*YOUR TASK*: Line by line, the data below should be set down unchanged, with images excluded.

═════ SOURCE DATA ═════

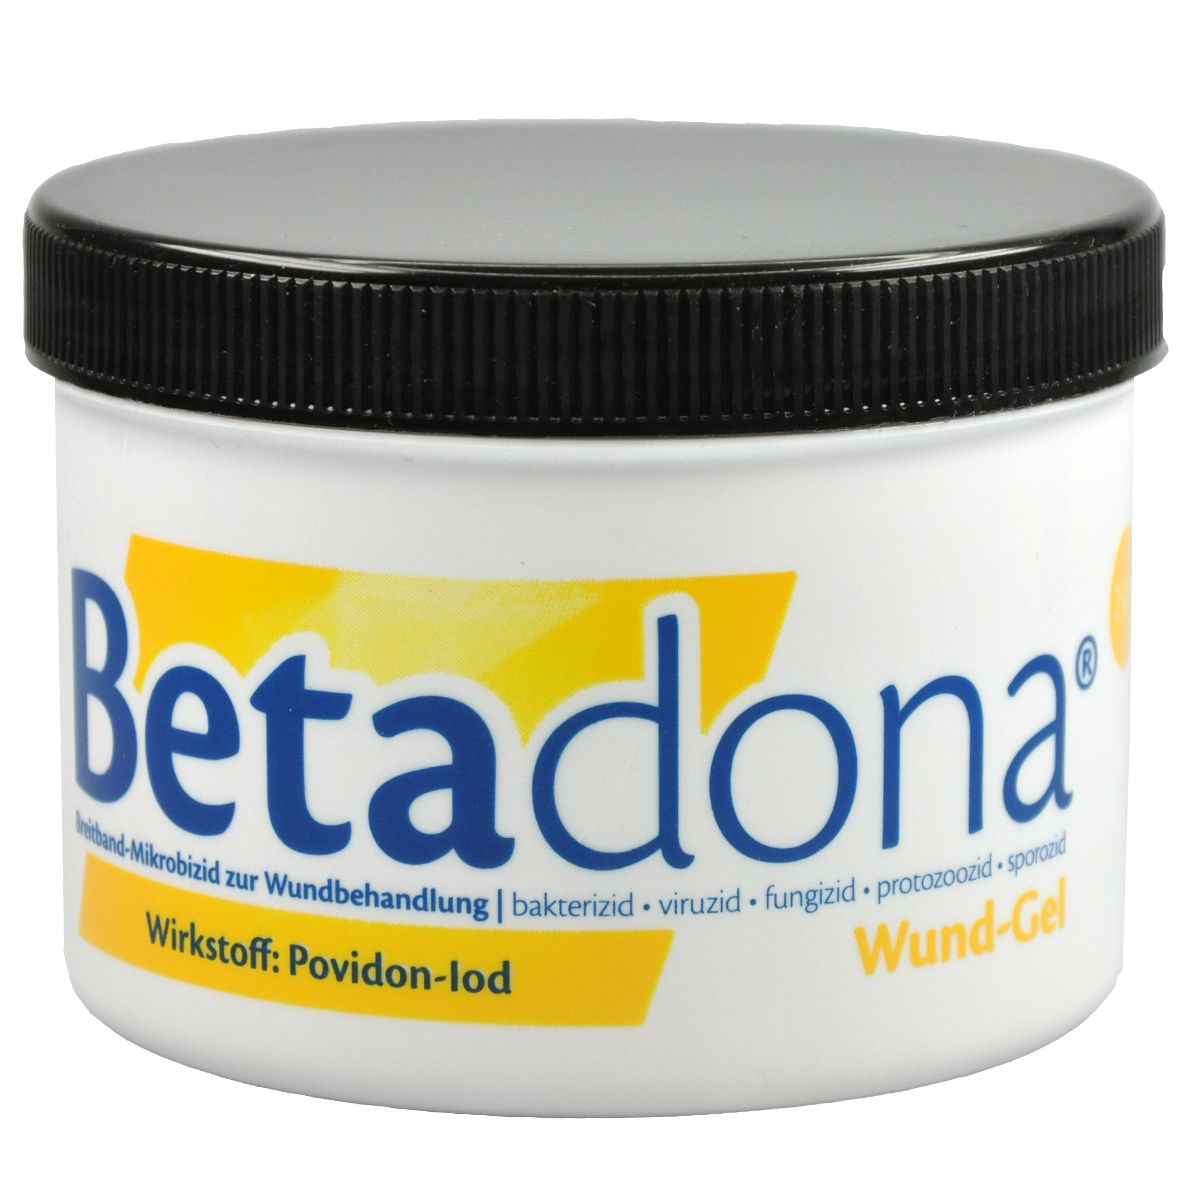 Abbildung Betadona Wund - Gel
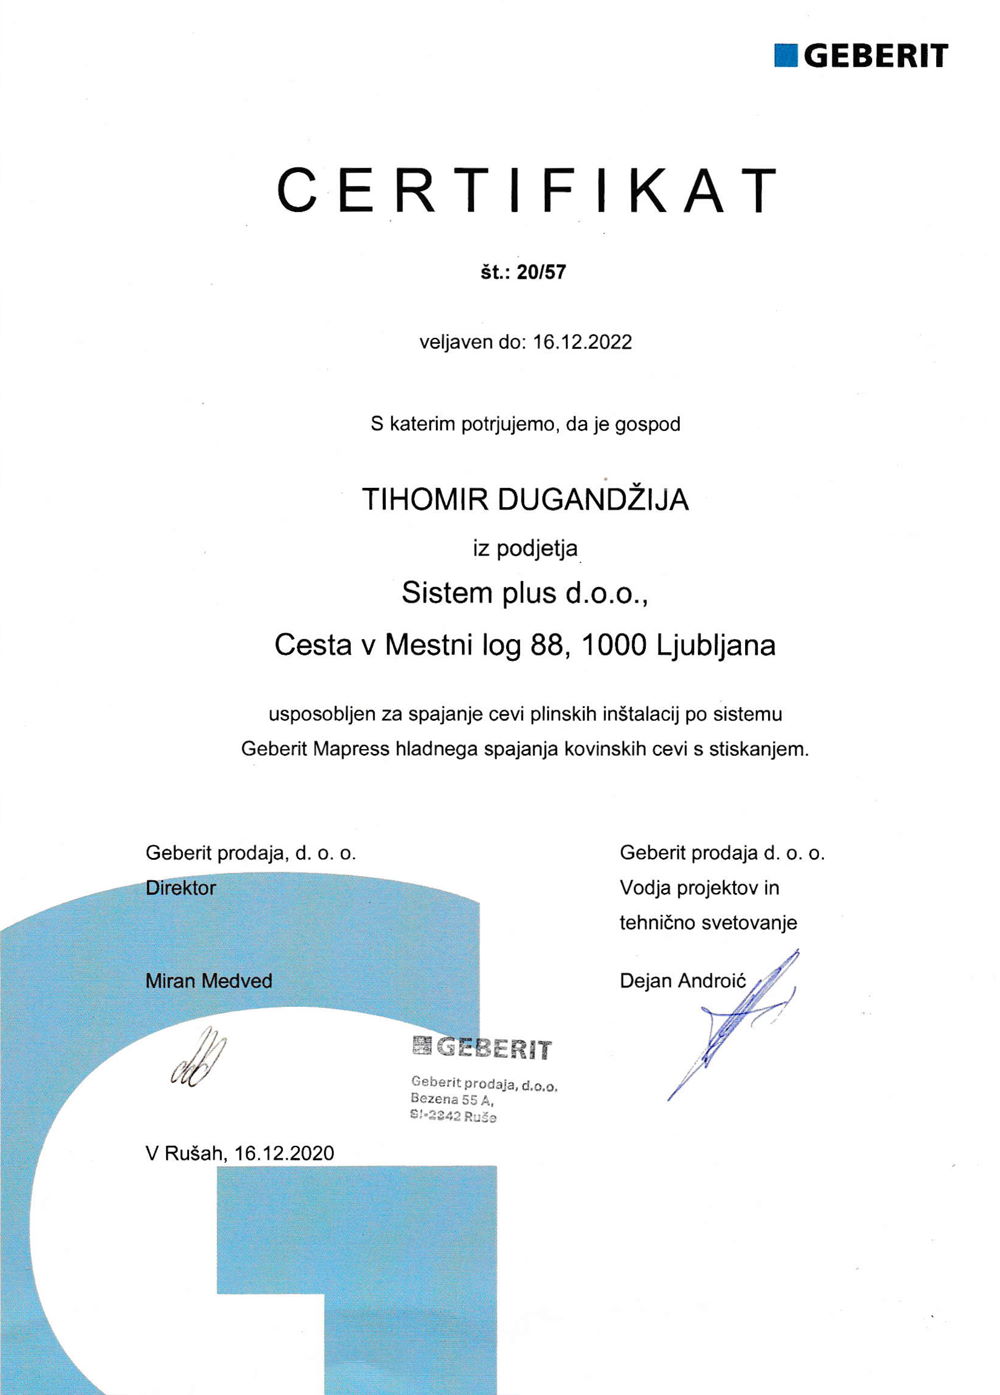 Geberit2022Certifikat
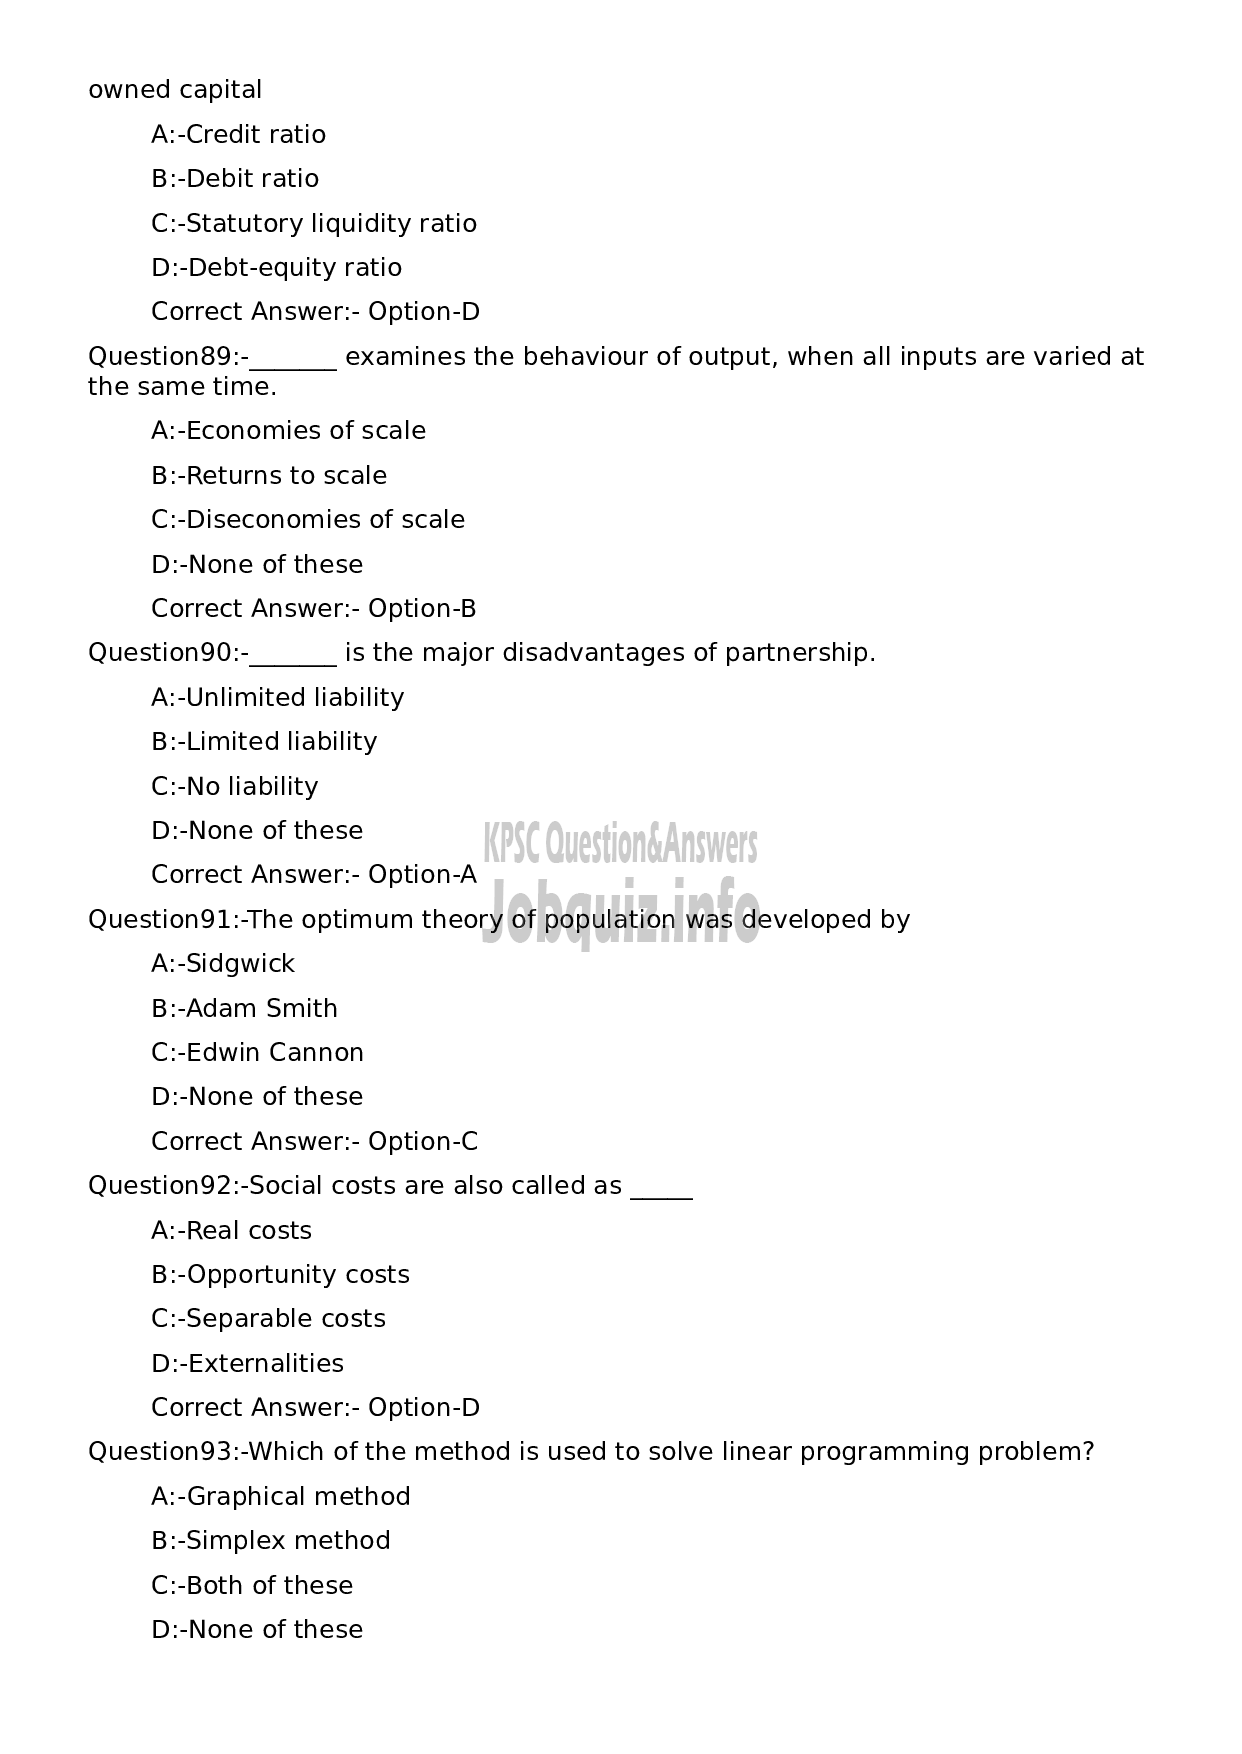 Kerala PSC Question Paper - Soil Survey Officer/ Research Assistant/ Cartographer/ Technical Assistant (NCA- SC)-17

═════

*SOLUTION TO THIS PROBLEM*:
 Abbildung Betadona Wund - Gel
 Geberit2022Certifikat
 Kerala PSC Question Paper - Soil Survey Officer/ Research Assistant/ Cartographer/ Technical Assistant (NCA- SC)-17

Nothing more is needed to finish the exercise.